In this work we used three principal metrics to characterize and compare segmentations: volume, the Dice similarity coefficient, and Euclidean distance calculated from a simulated ground truth. These measures offer several advantages. Volume is quite simple to calculate and stands alone, requiring no direct comparison to or use of a reference standard. The Dice similarity coefficient (DSC) is likely the most ubiquitous of metrics used in present literature. The Euclidean distances are particularly useful in the radiation therapy context, as their unit has implications to dose distributions and are well understood by the community. Volume, DSC, and Euclidean distance are invariant to image or mask size in terms of calculation, and thus do not suffer some of the pitfalls of specificity. A major goal of this work has been to provide a resource for others in algorithm assessment.

Each of the geometric measures showed the automatic segmentations to fall within the variation of the expert group, shown visually in boxplots (figures 47). Generally, there were few statistical differences between the automatic system and the ground truth estimations or the physicians as a group and the ground truth estimations, which were evaluated via bootstrapping 95% confidence intervals. The automatic system produced less variance than the physicians as a group over all the organs, and the magnitude of variance was more consistent across organs than within the physician group. This can be seen in figure 8, the 2 mm true positive rates.

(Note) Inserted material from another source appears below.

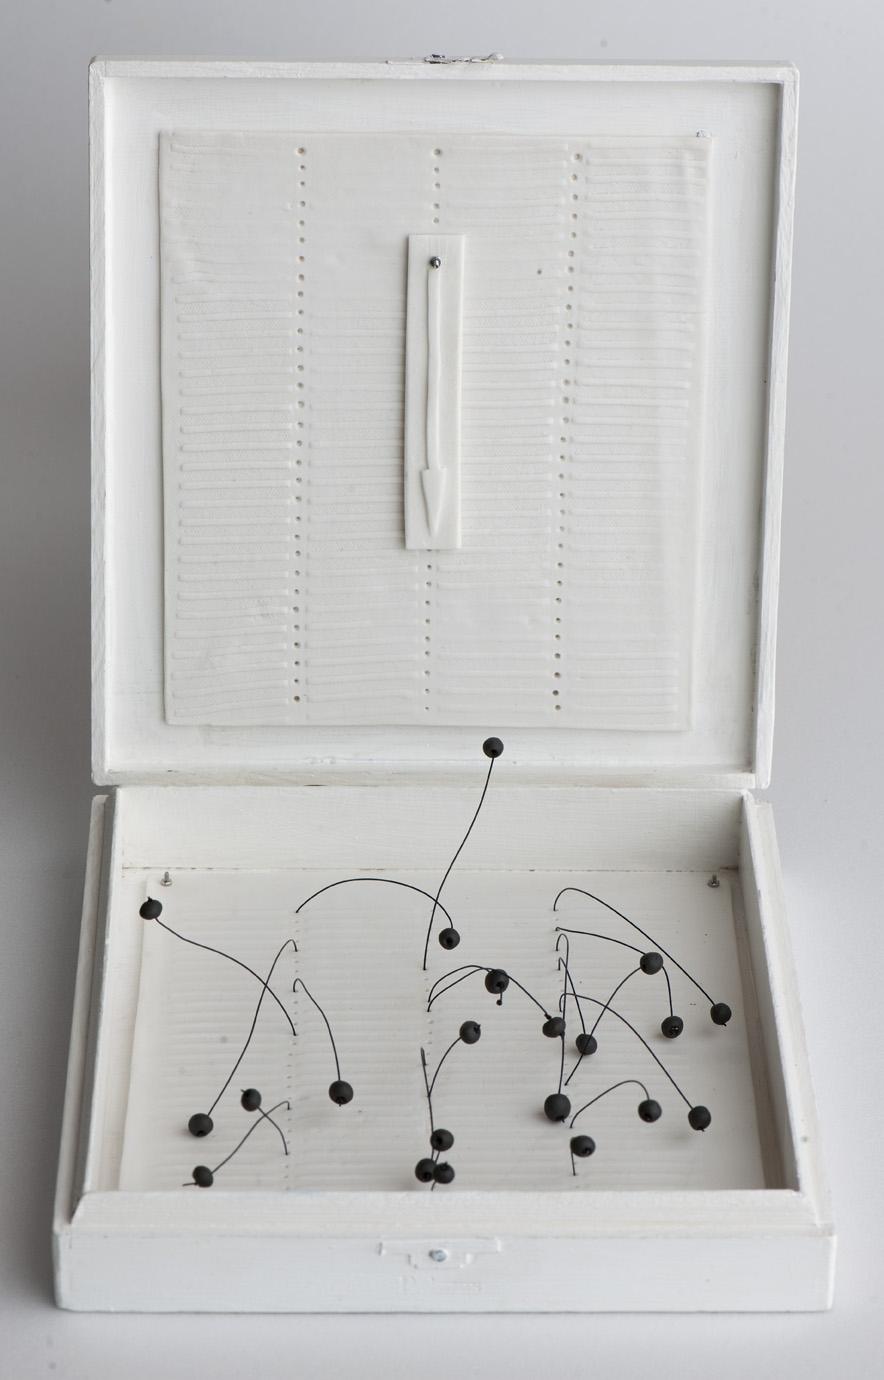 Rilke Hymn Box 11.To keep life Open towards death

Looking at individuals and groups within the larger physician group provides some trends. Junior physicians tend to segment volumetrically larger than their senior physician counterparts. We postulate this could result from a tendency to avoid risk of anatomically missing a portion of organ, while the more experienced physicians may be more confident in delineating a tighter border. We did not find, however, any evidence of reduced variance or higher spatial overlap in the senior physician group. In fact, one senior physician, P2, was found to be different from the other physicians on all measures. A portion of this variance can be explained through the 2 mm true positive rates in figure 8. The 2 mm true positive rate for P2 is low for most structures but ranks fifth of nine for the brainstem, which was grossly different as measured by volume and DSC. Upon closer inspection we found that for the brainstem this rater was inconsistent when marking inferior and superior extent of the organ, often not extending the slices as far in either direction as the rest of the group. This underscores the importance of choosing complementary metrics, as each examines a different aspect of geometry.

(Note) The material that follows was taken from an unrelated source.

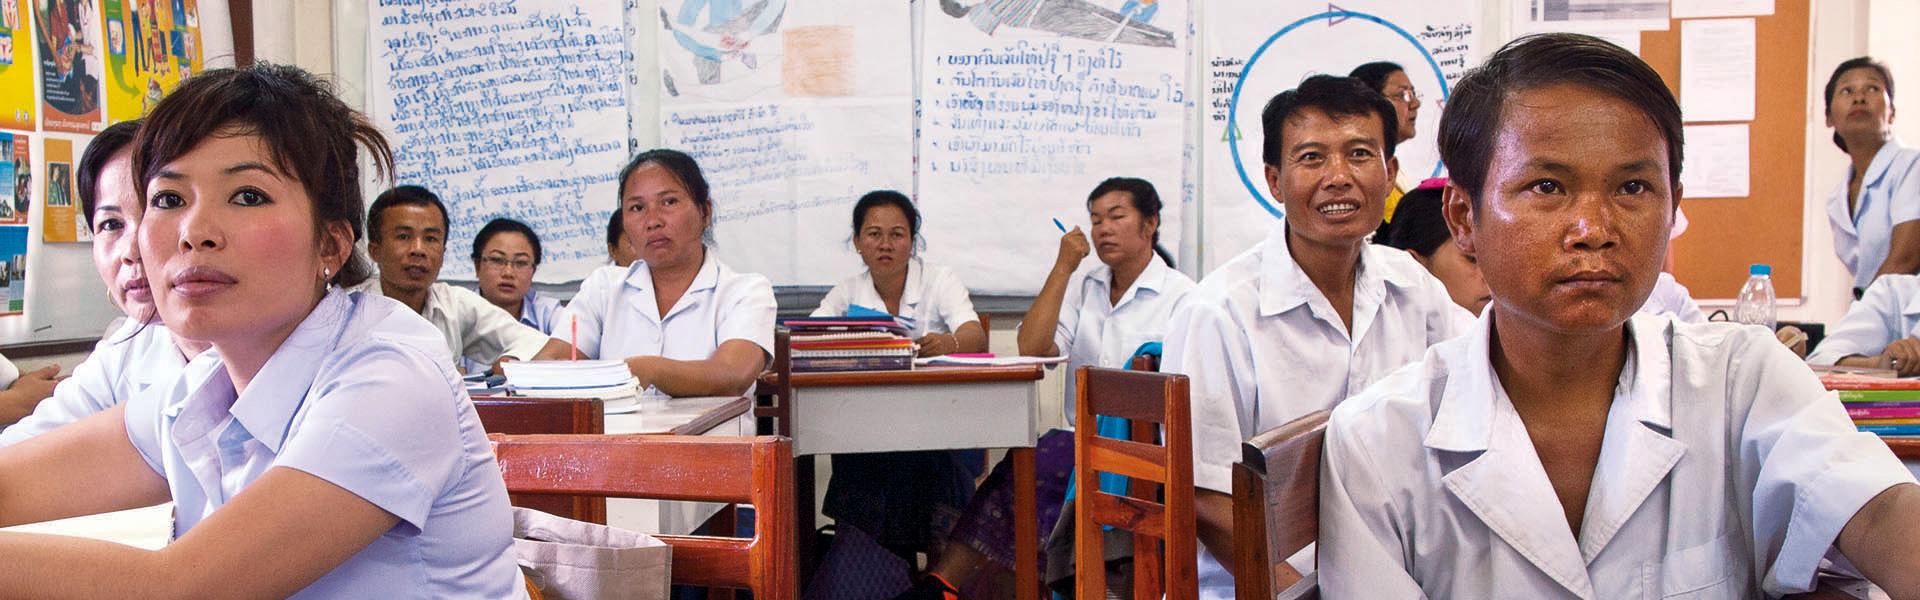 Health Education in Laos

This work is not the first to evaluate automatic segmentation in the context radiation therapy organs at risk in the brain. Direct comparisons to other work are often compromised by the choice of metrics and differences in data acquisition. Bondiau and colleagues (2005) investigated atlas-based segmentation of the brainstem using MR images of 6 patients and 7 experts. Here we compare their observations to (our observations). Inter-expert volumes varied from 16.70 to 41.26 (8.82 to 35.89) cm3 across all cases. The mean expert delineations varied from 20.58 to 27.67 (19.66 to 29.15) cm3, and the automatic delineations varied from 17.75 to 24.54 (17.47 to 28.28) cm3 as a function of patient. Isambert (2008) also segmented the brainstem, optic chiasm, optic nerves and eyes, for 11 patients against a single reference standard jointly delineated by a radiation oncologist and neurosurgeon. They concluded that automatic segmentation was well suited for organs greater than approximately 7 cm3, as they measured DSC above 0.8 for the eyes and chiasm, and concluded the small structures (DSC approximately 0.4) should be manually delineated by an expert. We noted a similarly low DSC for the chiasm in our study, though our optic nerves showed higher agreement of approximately 0.6 with respect to simulated ground truths. Though indeed spatial overlap is lower amongst the small tubular structures, we found that these structures are equally a challenge for the experts. In fact, in our study the automatically generated structures exceed the experts in some respects such as consistency, or robustness. This is seen in the variance of Dice index distribution (figure 6) of the automatic against the simulated ground truths, which is smaller than the physicians. The automatic system also scored near the top of the expert group with respect to the 2 mm true positve rates plotted in figure 8. Lastly, one must also consider the large variation in manual delineations for the optic nerves and chiasm reduces the accuracy of the ground truth produced with these contours.

4.1. Limitations and future work

We are undertaking a comprehensive clinical evaluation of our fully automatic segmentation system. Our experimental design is motivated by the following three observations. First, medical image segmentation is inherently a problem lacking a known ground truth. Accordingly, clinical evaluation studies should be behavioural in nature. Such a study requires a number of raters and patient volumes such as to provide good statistical power in the targeted clinical context. Second, realistically, the segmentation product of any automated system will require review and most likely modification by a qualified professional. Evaluation should characterize the impact of the modification process on efficiency, individual and group rater variance, and accuracy. Third, in the radiotherapy context organ segmentations are an important variable in a complex process culminating in the delivery of radiation dose to a patient. Traditional approaches to evaluation focus on the geometric properties of the resultant segmentations. While these are certainly the first and an important part of any evaluation, much value exists in understanding the impact of an automated system with respect to dosimetry.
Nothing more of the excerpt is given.